-- Problem details --
Lines to return, exactly: from the line with "TRENDnet TEW-648UBM - Netzwerkadapter" to the line with "Zweisam trendhaus kategorie Logo banner" in the entries below, both included.

-- Working data --

____________

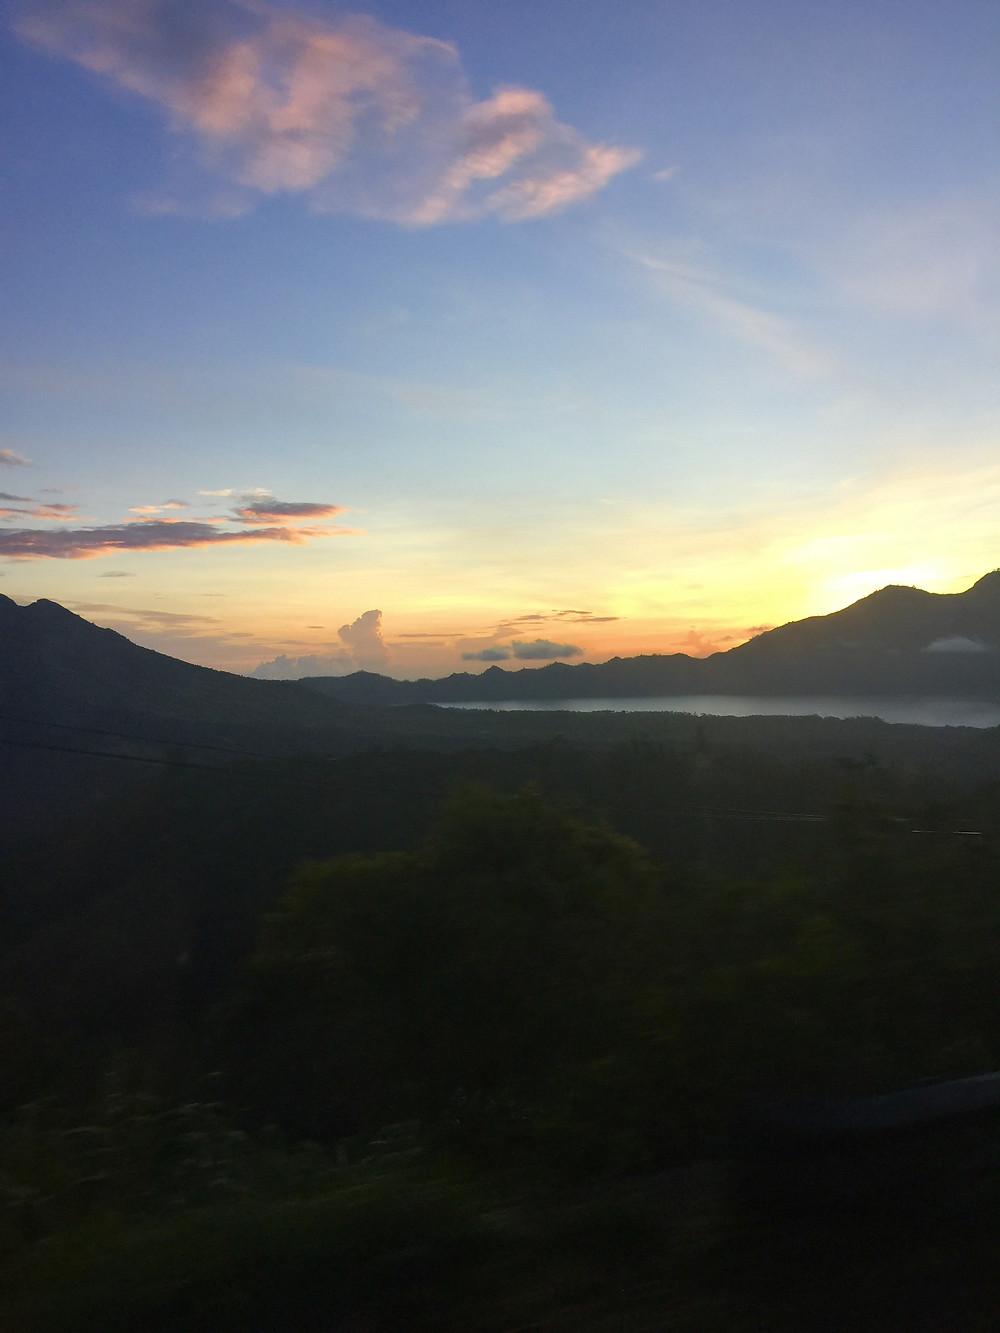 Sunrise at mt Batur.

____________

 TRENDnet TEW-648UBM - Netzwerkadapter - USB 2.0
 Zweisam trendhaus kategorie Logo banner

____________

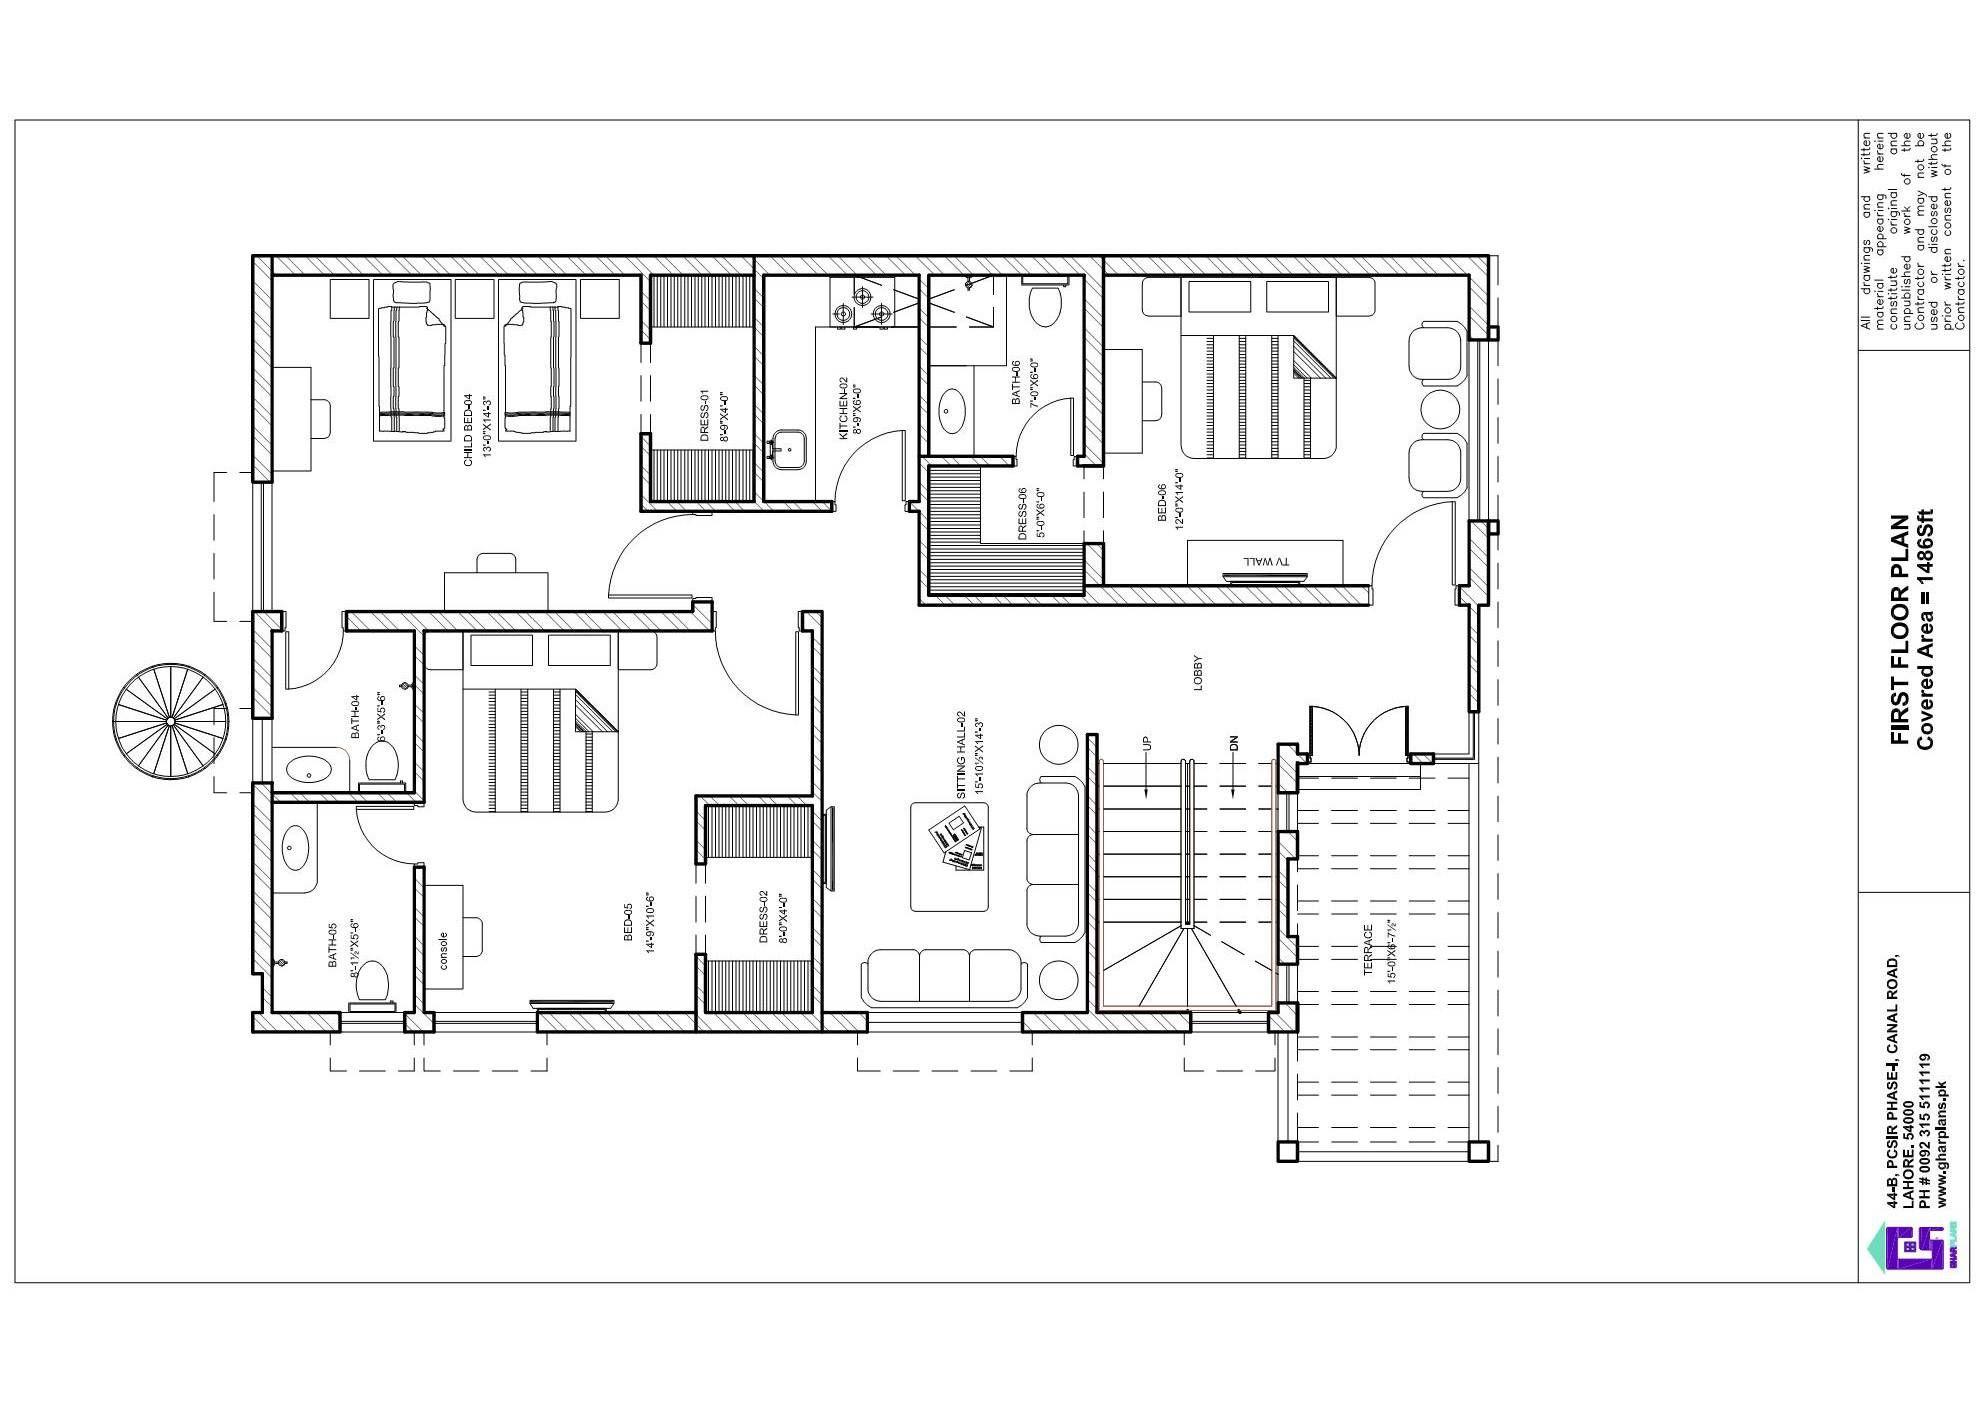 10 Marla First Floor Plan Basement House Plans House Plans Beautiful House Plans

____________

-- Solution below --
 TRENDnet TEW-648UBM - Netzwerkadapter - USB 2.0
 Zweisam trendhaus kategorie Logo banner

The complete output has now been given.